:: Work required ::
In the data below, find the line with "Lasst die Spiele" and the line with "El logo de la", then restate both and every line between them exactly, minus the pictures.

:: Supplied data ::

===

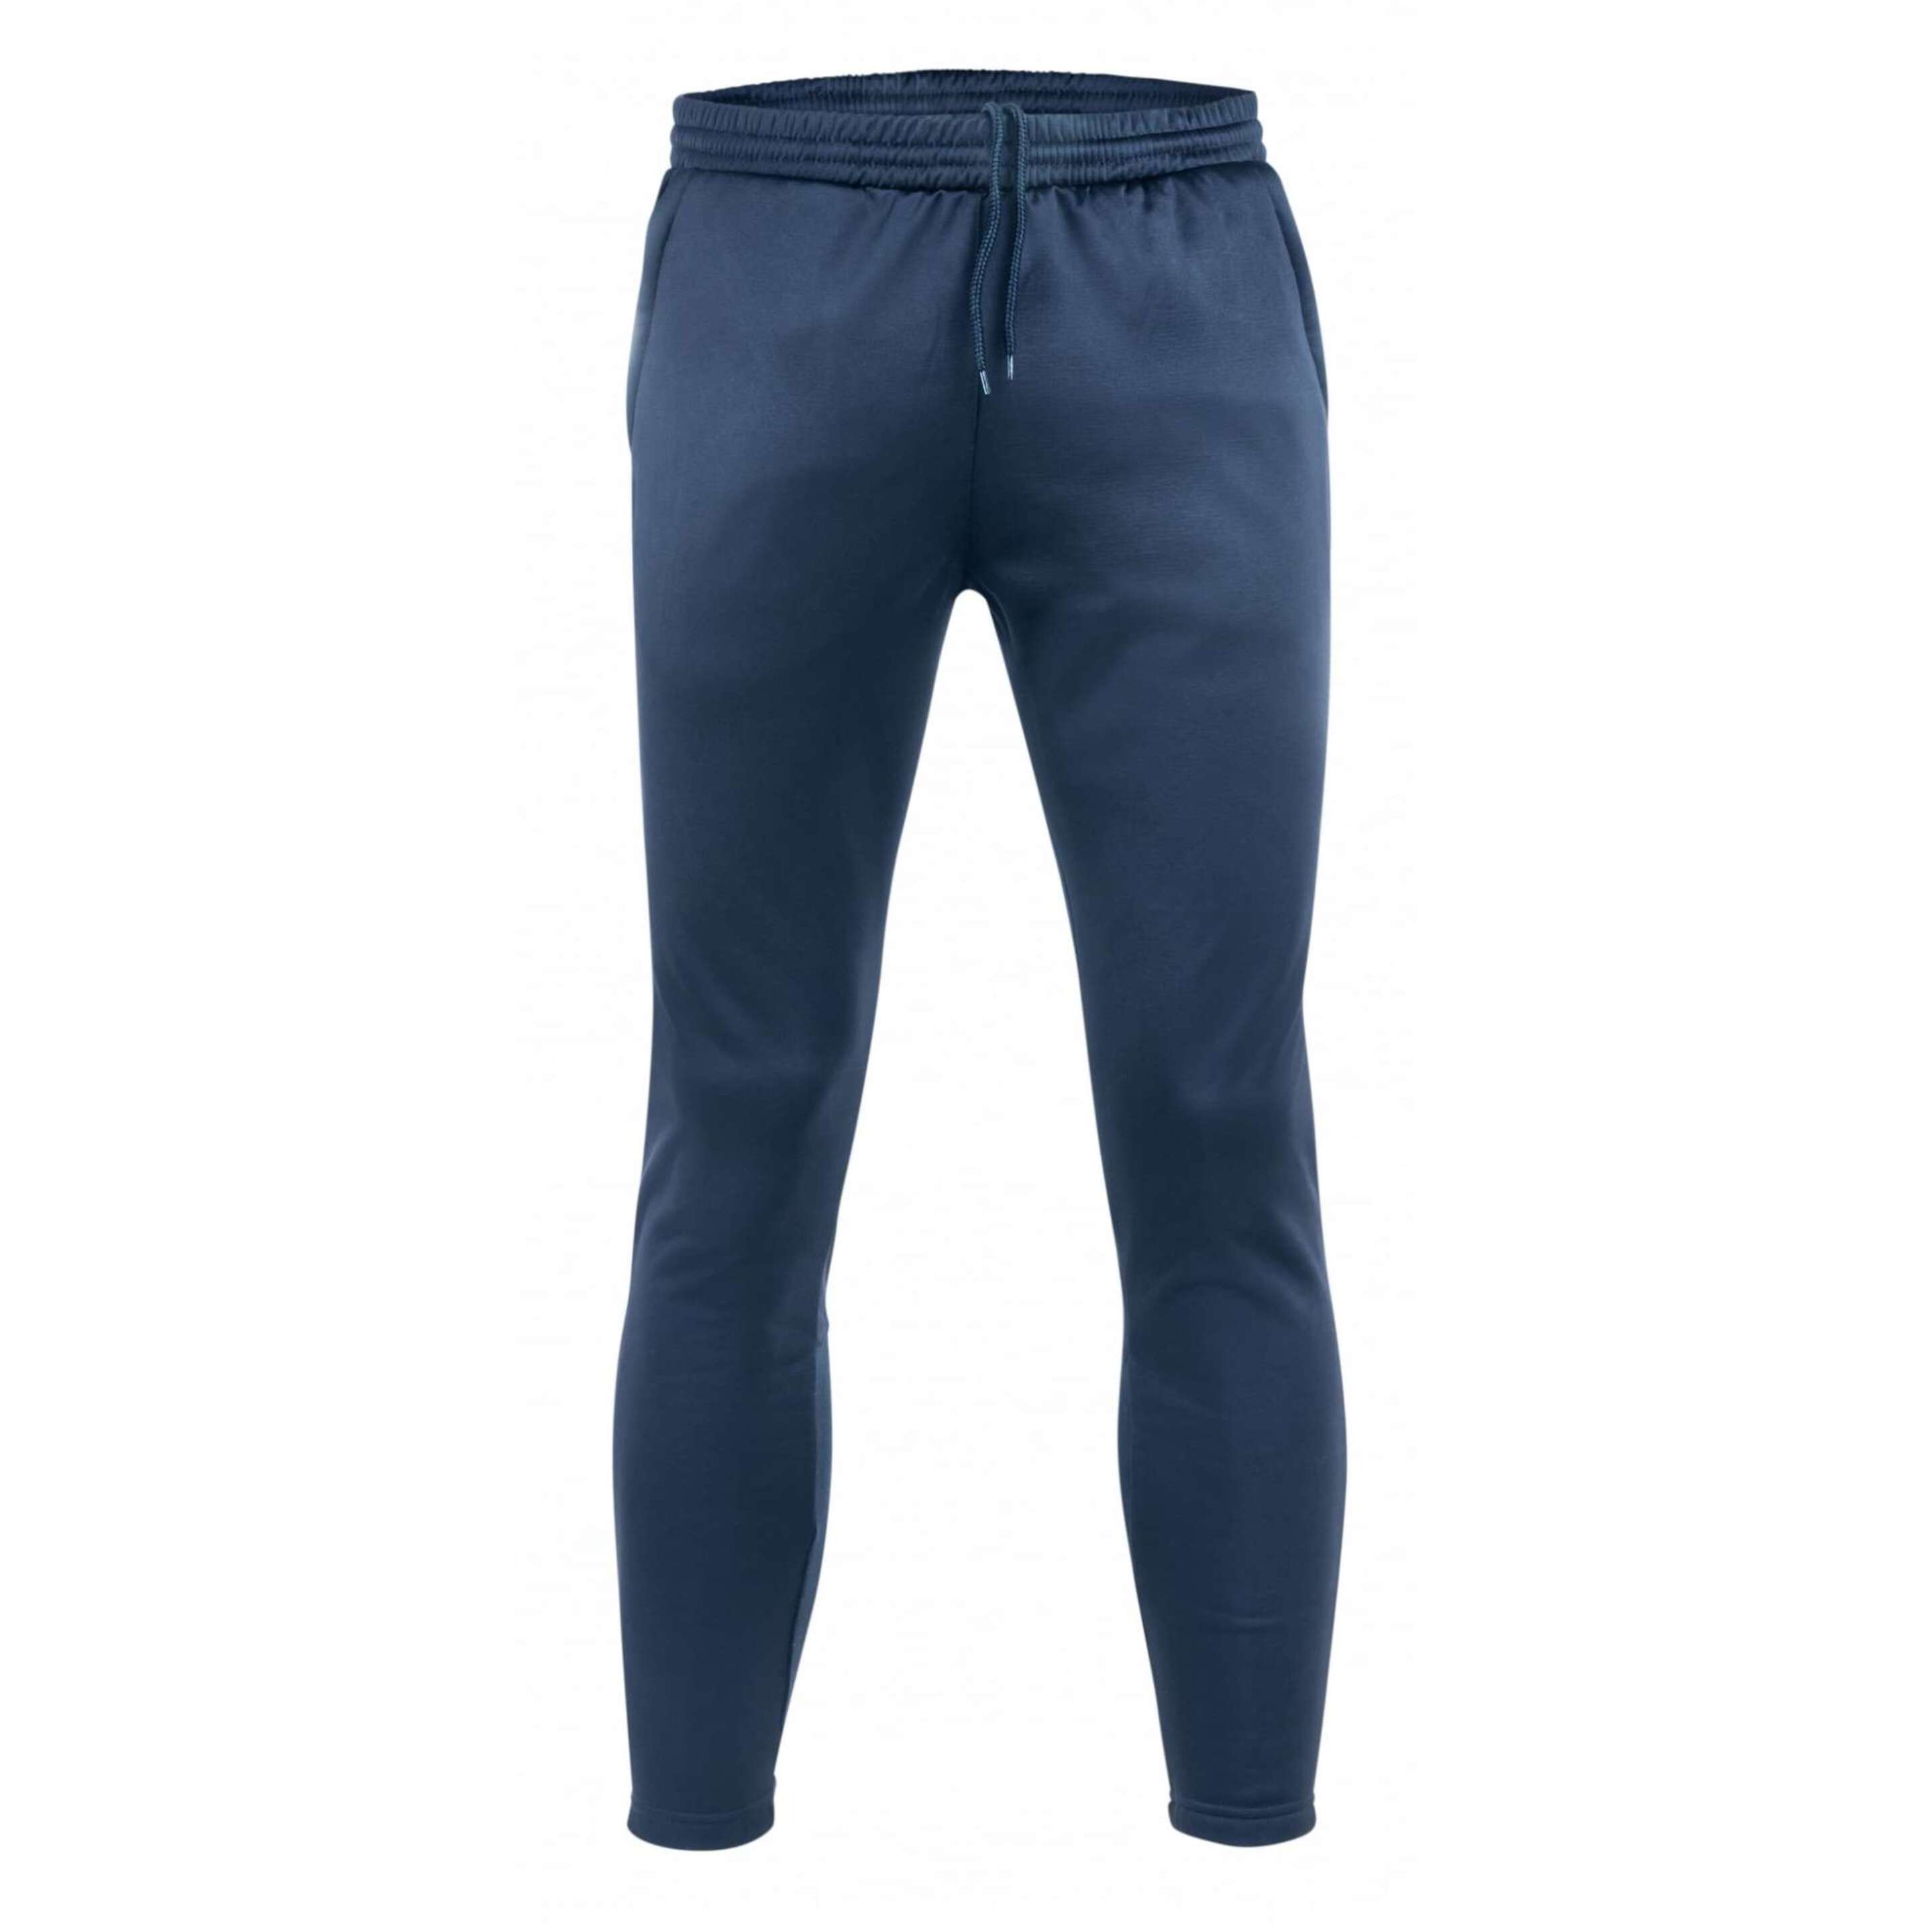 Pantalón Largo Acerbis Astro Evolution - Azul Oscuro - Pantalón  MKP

===

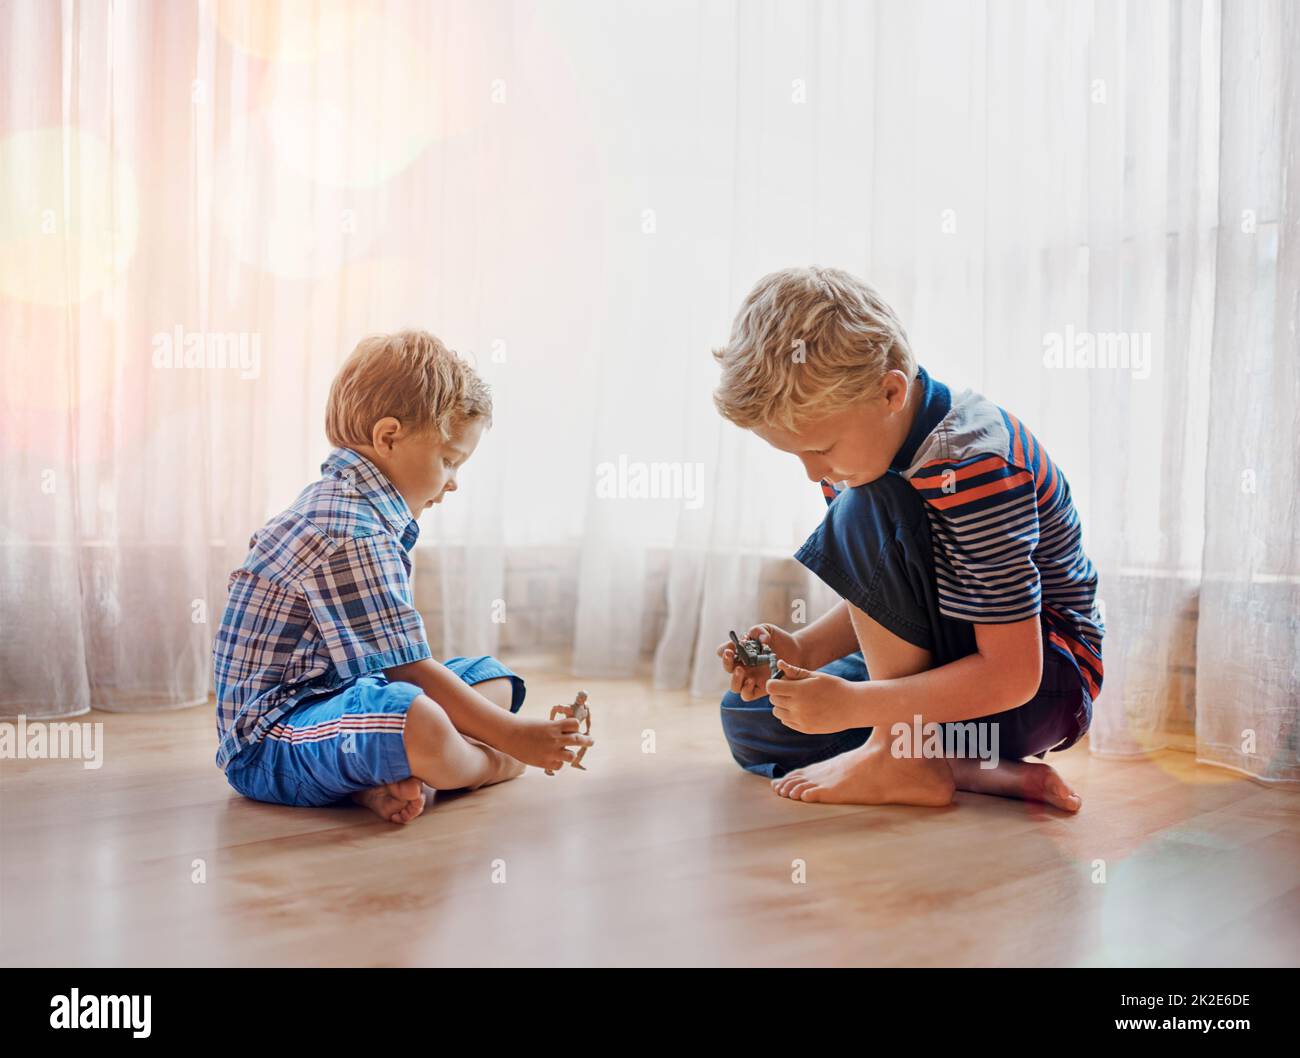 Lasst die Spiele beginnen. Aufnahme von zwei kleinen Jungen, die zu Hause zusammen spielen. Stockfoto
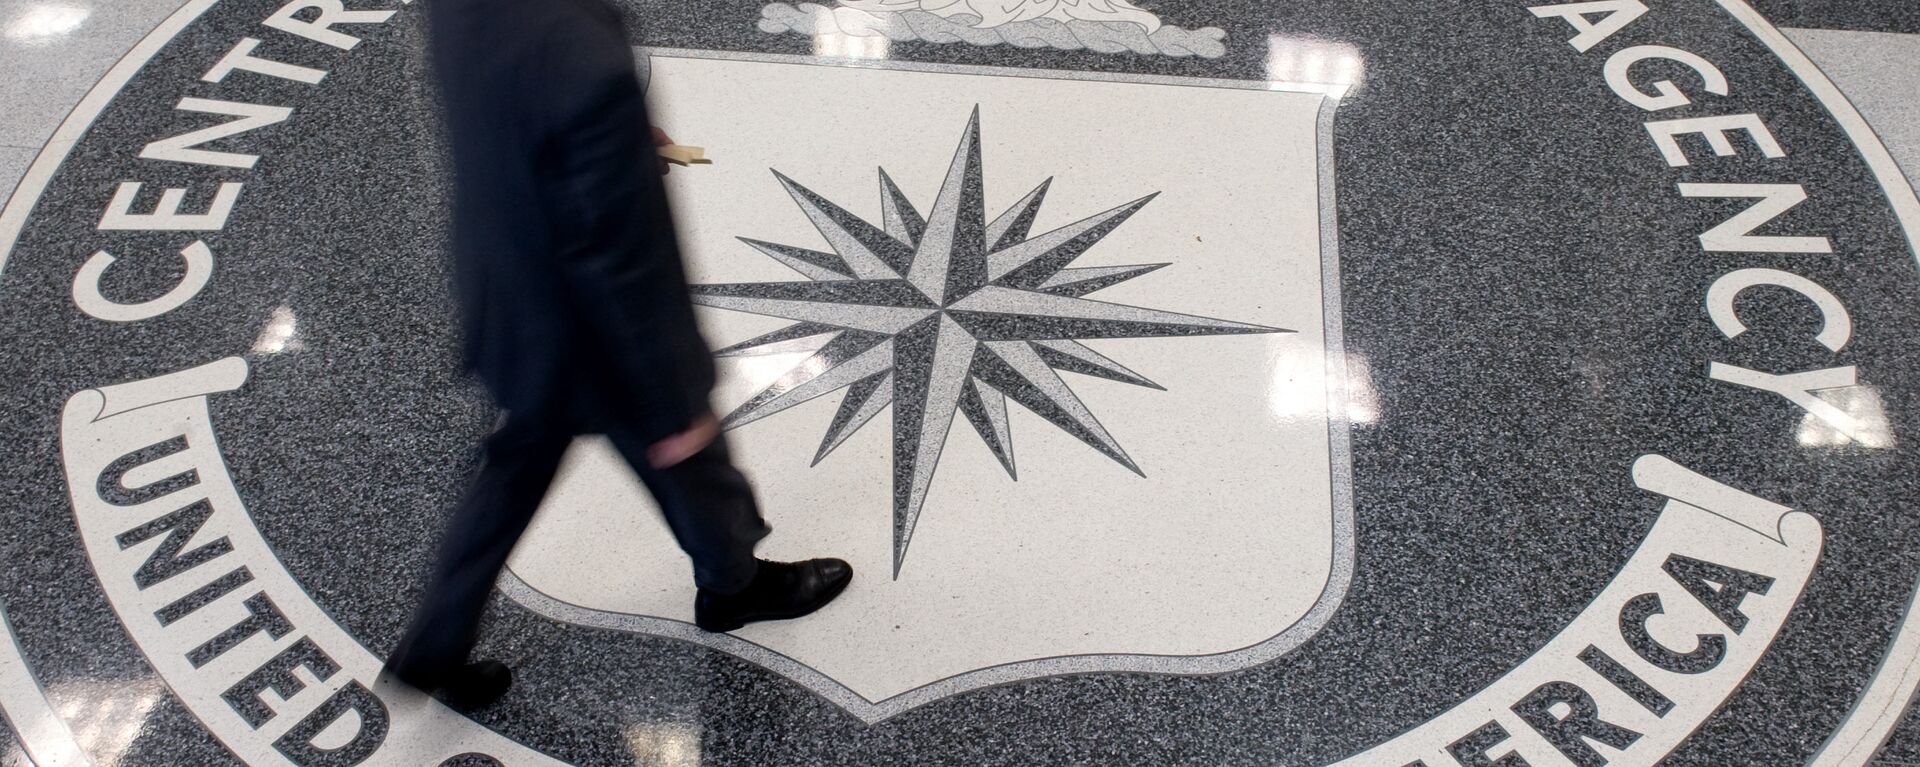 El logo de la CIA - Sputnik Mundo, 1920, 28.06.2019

===

:: Task result ::
 Lasst die Spiele beginnen. Aufnahme von zwei kleinen Jungen, die zu Hause zusammen spielen. Stockfoto
 El logo de la CIA - Sputnik Mundo, 1920, 28.06.2019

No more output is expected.